Updated by Dominic Giglio about 12 years ago
- Target version changed from 1.4.11 to 1.4.12
Not gonna have time to test this until after the 1.4.11 release tonight.
Will resolve as part of 1.4.12.
Updated by Dominic Giglio almost 12 years ago
- Target version changed from 1.4.12 to 1.4.13
Updated by Boone Gorges almost 12 years ago
- Target version changed from 1.4.13 to 1.4.14
Updated by Boone Gorges almost 12 years ago
- Target version changed from 1.4.14 to 1.4.15
Updated by Matt Gold almost 12 years ago
- Priority name changed from Normal to High
- Severity set to High impact
Hi Guys -- I'm bumping the priority/severity on this because it affects some of our high-profile sites. If we can't get to it before the update on the 11th, that's fine, but I think we should try to resolve this by then if we can.
Updated by Boone Gorges almost 12 years ago
I've disabled FORCE_SSL_LOGIN for domains other than *.commons.gc.cuny.edu
. That should have the effect of removing most cases where the user would end up on an https version of a page.
It doesn't appear to be possible to prevent this particular problem with .htaccess. I'm guessing that, by the time the .htaccess file has been read, the browser has already checked the SSL provenance. André, do you have any insight into this?
Updated by local admin almost 12 years ago
André, do you have any insight into this?

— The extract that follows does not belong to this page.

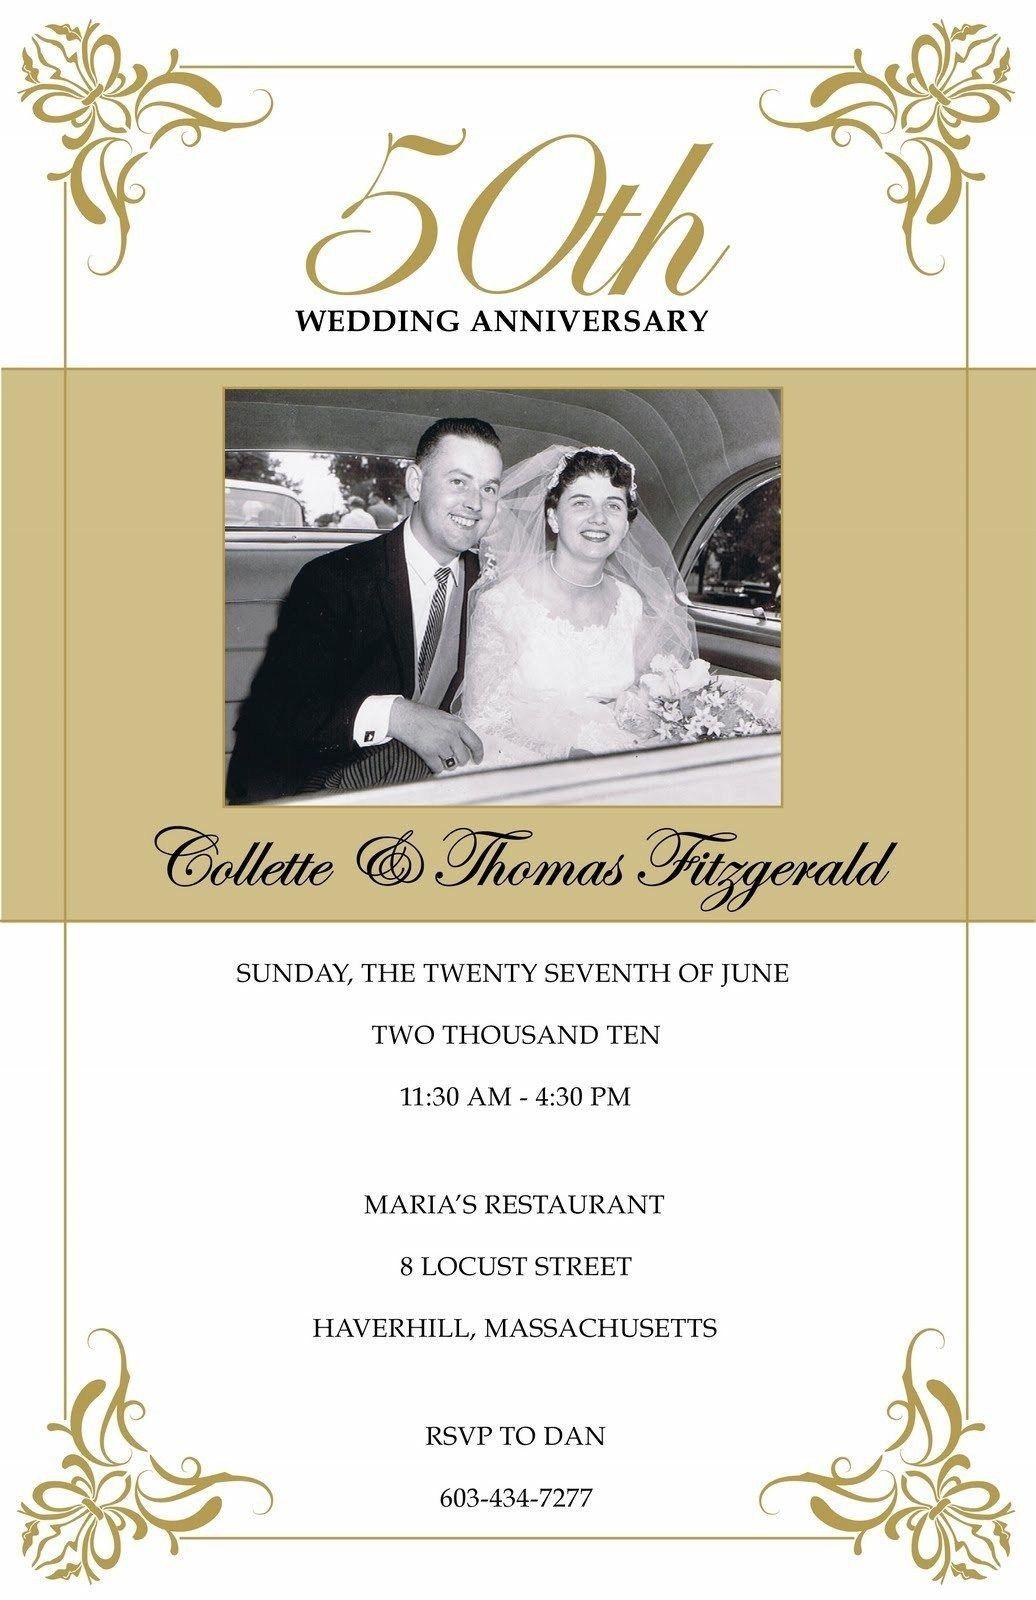 50th Anniversary Invitation Template 50th Wedding Anniversary Party 50th Wedding Anniversary Invitations 50th Anniversary Invitations

Browser behavior is notoriously hard to predict, but I think your original idea of redirecting with an htaccess rule is reasonable and worth a try.
having said that, perhaps just having disabled FORCE_SSL_LOGIN for domains other than *.commons.gc.cuny.edu
should probably be enough. After all how is anyone going to end up on the https address anyway?

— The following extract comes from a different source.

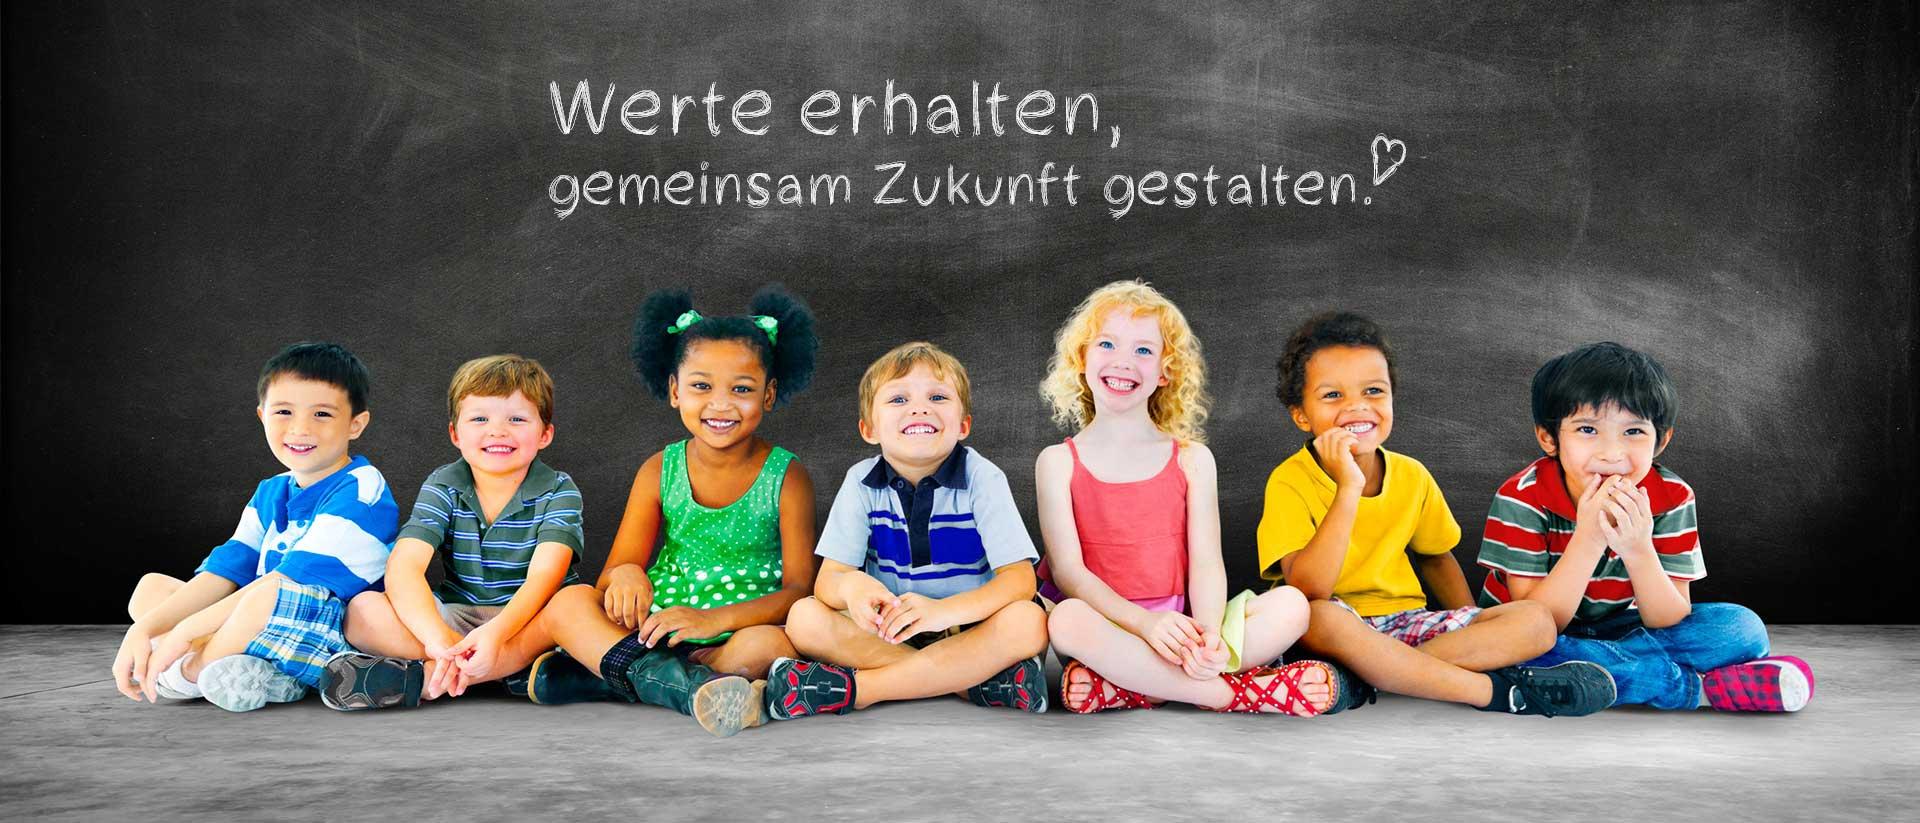 R.E. Immo GmbH Hausverwaltung

Other than that we could always tell custom domains to BYOSC (bring your own ssl certificate :-)
Updated by Boone Gorges almost 12 years ago
- Status changed from Assigned to Resolved
I think your original idea of redirecting with an htaccess rule is reasonable and worth a try.
I tried it, and couldn't make it work. I think that the browser is checking the SSL authority before the request ever gets to the server, so Apache-level rules don't do any good.
Other than that we could always tell custom domains to BYOSC (bring your own ssl certificate :-)
I think it's reasonable to do this down the road, yeah.
perhaps just having disabled FORCE_SSL_LOGIN for domains other than *.commons.gc.cuny.edu should probably be enough
+1. I think it's about as good as we'll do for now. Let's go with it for now and see if we continue to get reports.
Updated by Matt Gold almost 12 years ago
cool. I'll let the original reporters know and pass on the word when/if the issues arise again.